# Boudin hash for breakfast



## crankybuzzard (Nov 25, 2015)

I had forgotten a package of boudin in the frig and discovered it this morning.  It had lost it's vacuum so I figured I'd better do something with it.  So, boudin hash it was!

I chopped up an onion, some bell pepper, and a few red taters.  Added them to some bacon grease, and dusted with some dried thyme.  Once the taters were done, I put them on a plate for later. 












image.jpg



__ crankybuzzard
__ Nov 25, 2015






While the taters were cooking, I opened up the pack of boudin and did the sniff test.  It's been in the frig since I made it 3 weeks ago, and it lost its vacuum.  I'm thinking the rice started to ferment a bit.  Foam, any thoughts on that?

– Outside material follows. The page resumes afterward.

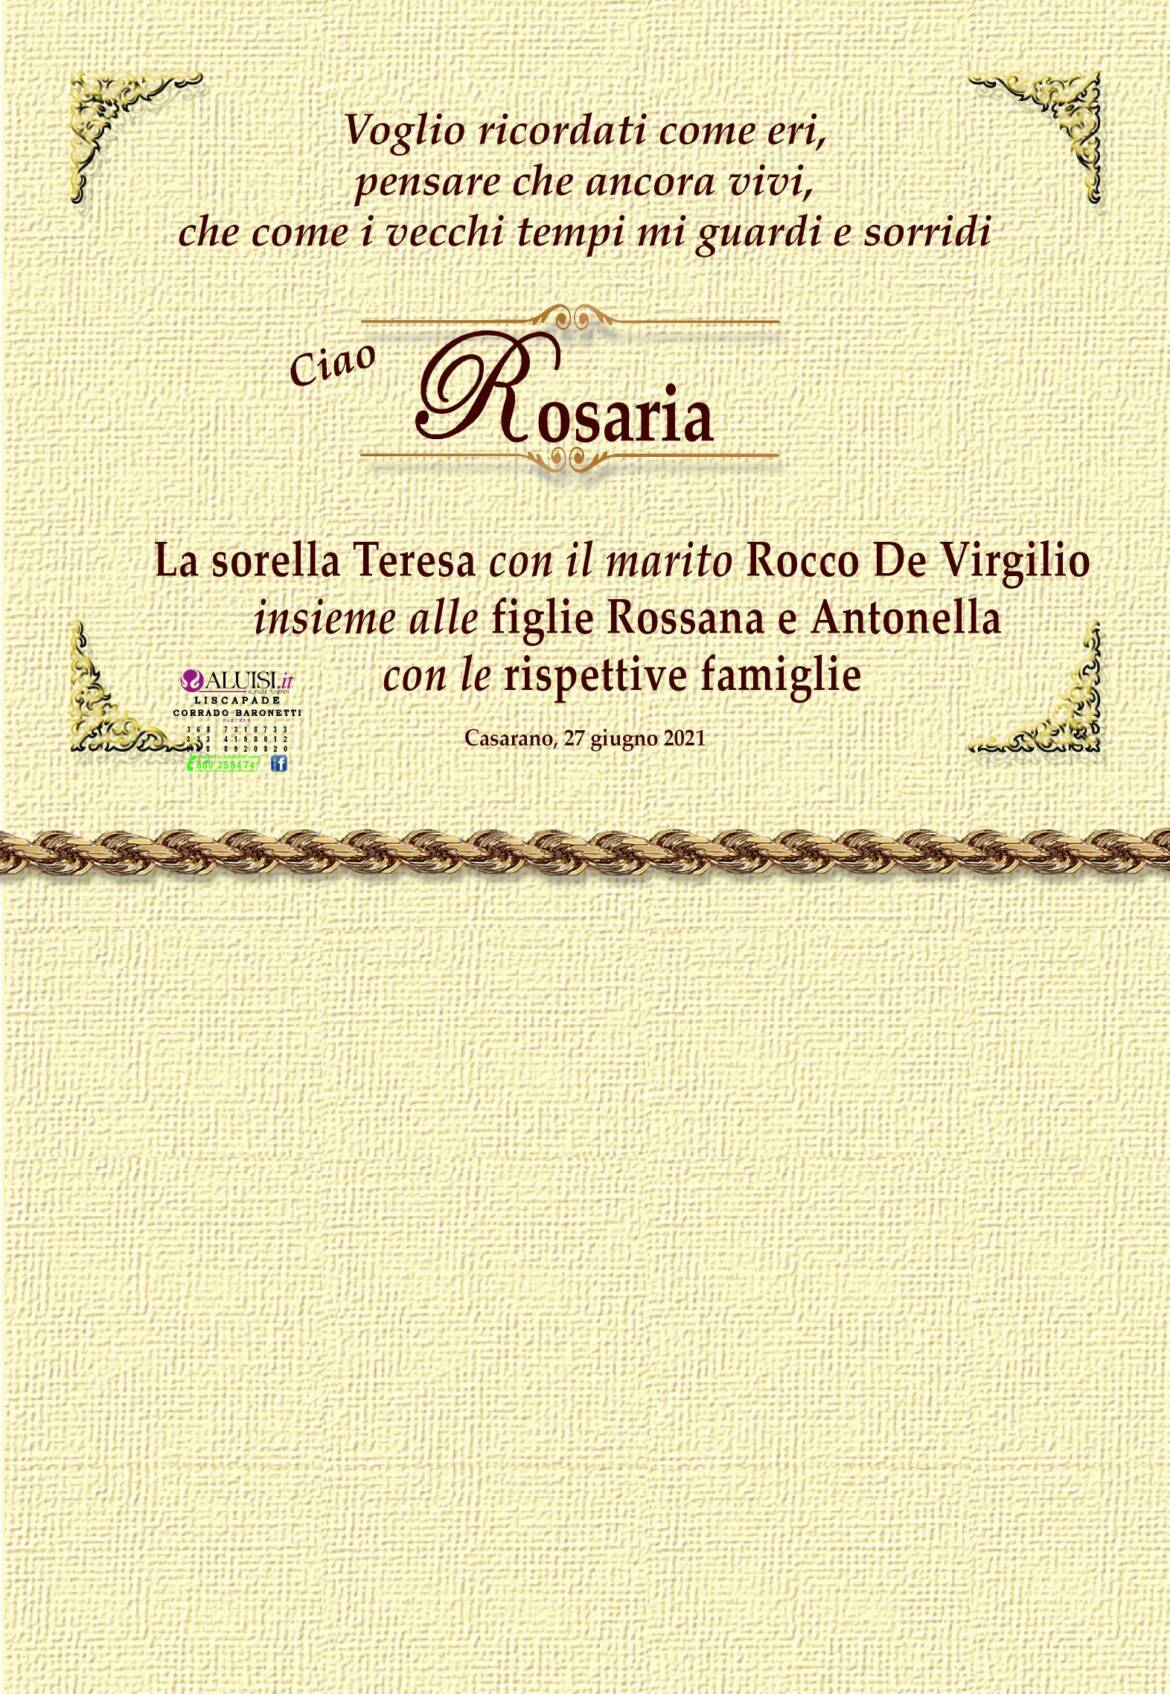 partceipazioni-rosaria-casarano-1.jpg

Since it smelled ok, so I took a link out, skinned it, and tossed it into the pan.  












image.jpg



__ crankybuzzard
__ Nov 25, 2015


















image.jpg



__ crankybuzzard
__ Nov 25, 2015






After chopping up the naked boudin and frying it for a bit, I added a couple of eggs and stirred them in until they were almost done. 












image.jpg



__ crankybuzzard
__ Nov 25, 2015






Once the eggs were close to done, I added the taters back to the pan and mixed it all up!

Plated it up on my fine china, added some Tabasco, and dug in!  Good stuff!












image.jpg



__ crankybuzzard
__ Nov 25, 2015


----------



## tropics (Nov 25, 2015)

CB Looks good from here,I may have to defrost some Boudin.

Richie


----------



## crankybuzzard (Nov 25, 2015)

Richie, it was some good stuff!   I hadn't made it in years and forgot how much I liked it!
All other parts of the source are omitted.